Simple Line

This environment is part of the ”Learning Transferable Cooperative Behavior in Multi-Agent Teams” Paper.

Import

from mpe2 import simple_line_v1

Actions

Discrete/Continuous

Parallel API

Yes

Manual Control

No

Agents

agents= [agent_0, ..., agent_N-1]

Action Shape

(5)

Action Values

Discrete(5)/Box(0.0, 1.0, (5))

Observation Shape

(8)

Observation Values

(-inf, inf)

N agents must arrange themselves in a line between two landmarks. At reset, the two landmarks are placed at a fixed separation in a random direction; the ideal agent positions are evenly spaced along that line. Agents are assigned to target positions via bipartite matching (Hungarian algorithm).

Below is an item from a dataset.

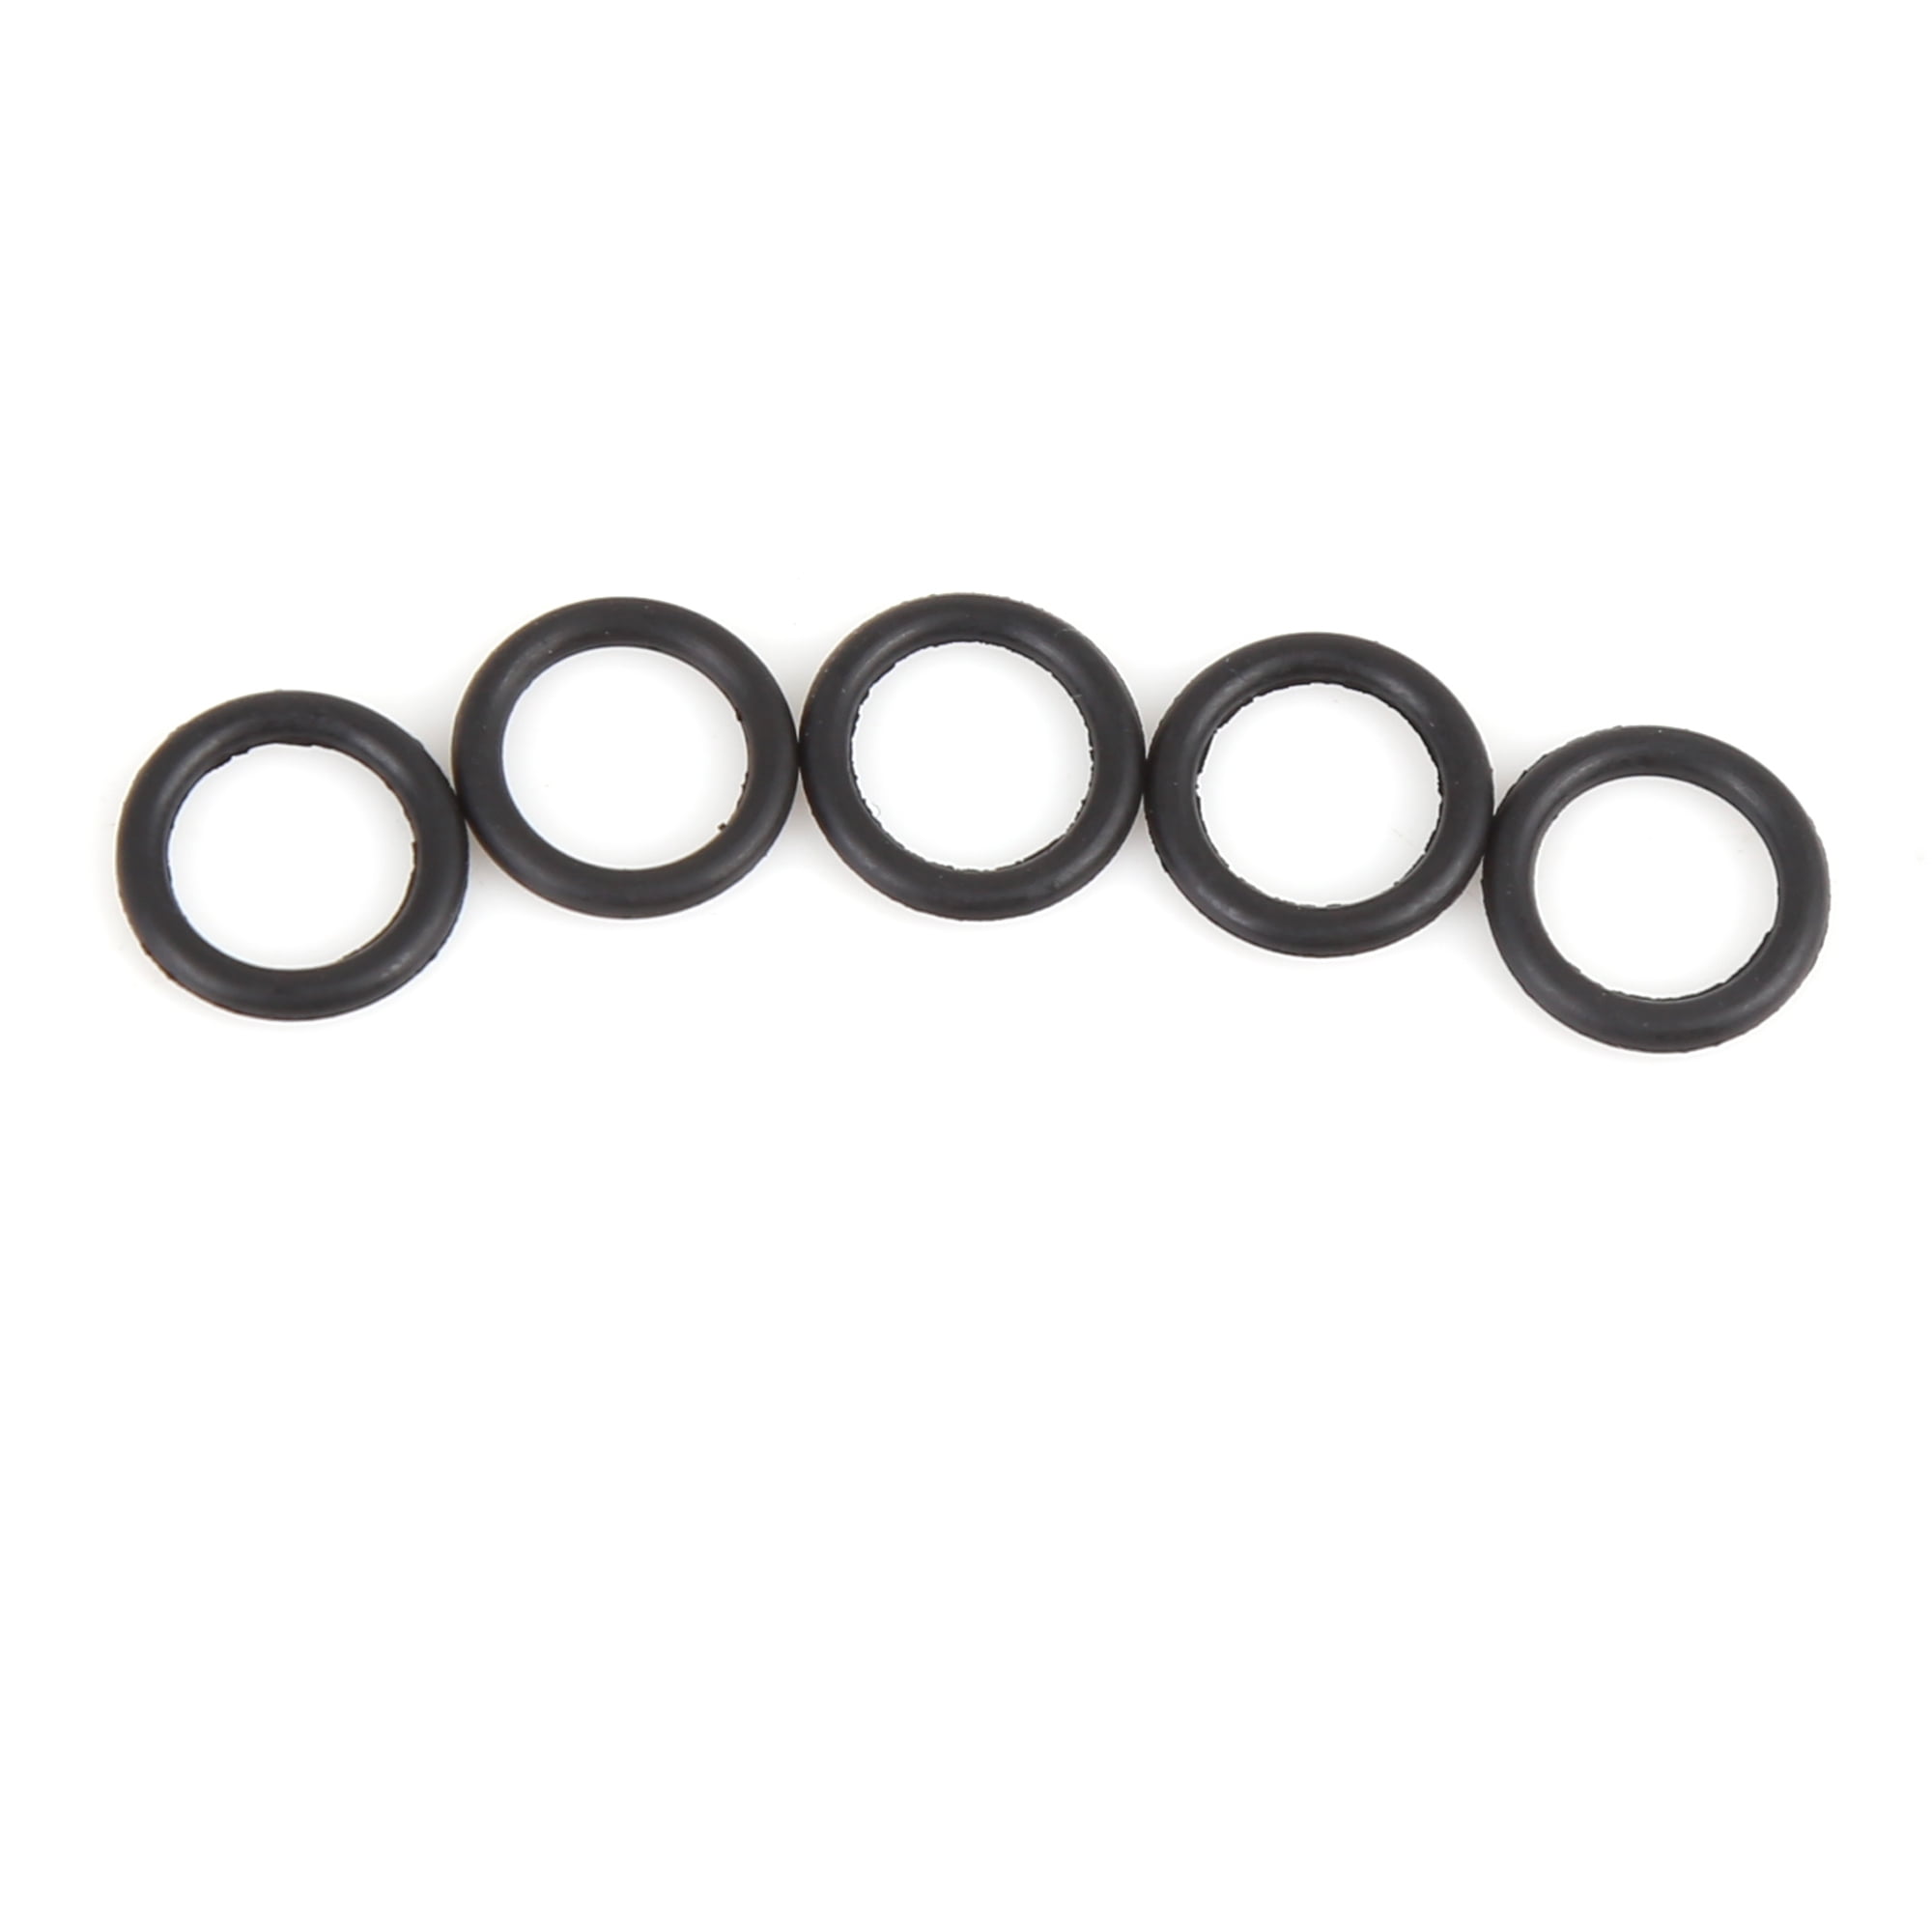 1.5mm Section 13mm Bore VITON Rubber O-Rings

The shared reward is the negative mean distance from assigned positions, clipped to [0, 2].

Agent observations: [self_vel, self_pos, landmark_0_rel_pos, landmark_1_rel_pos]

Agent action space: [no_action, move_left, move_right, move_down, move_up]

Arguments

simple_line_v1.env(N=4, max_cycles=25, continuous_actions=False, terminate_on_success=False)

N: number of agents

max_cycles: number of frames until the episode terminates

continuous_actions: whether action spaces are discrete (default) or continuous

terminate_on_success: when True, the episode ends as soon as every agent is within 0.05 units of its assigned target position.

API

class mpe2.simple_line.simple_line.env(**kwargs)
class mpe2.simple_line.simple_line.raw_env(N=4, max_cycles=25, continuous_actions=False, render_mode=None, dynamic_rescaling=False, benchmark_data=False, terminate_on_success=False)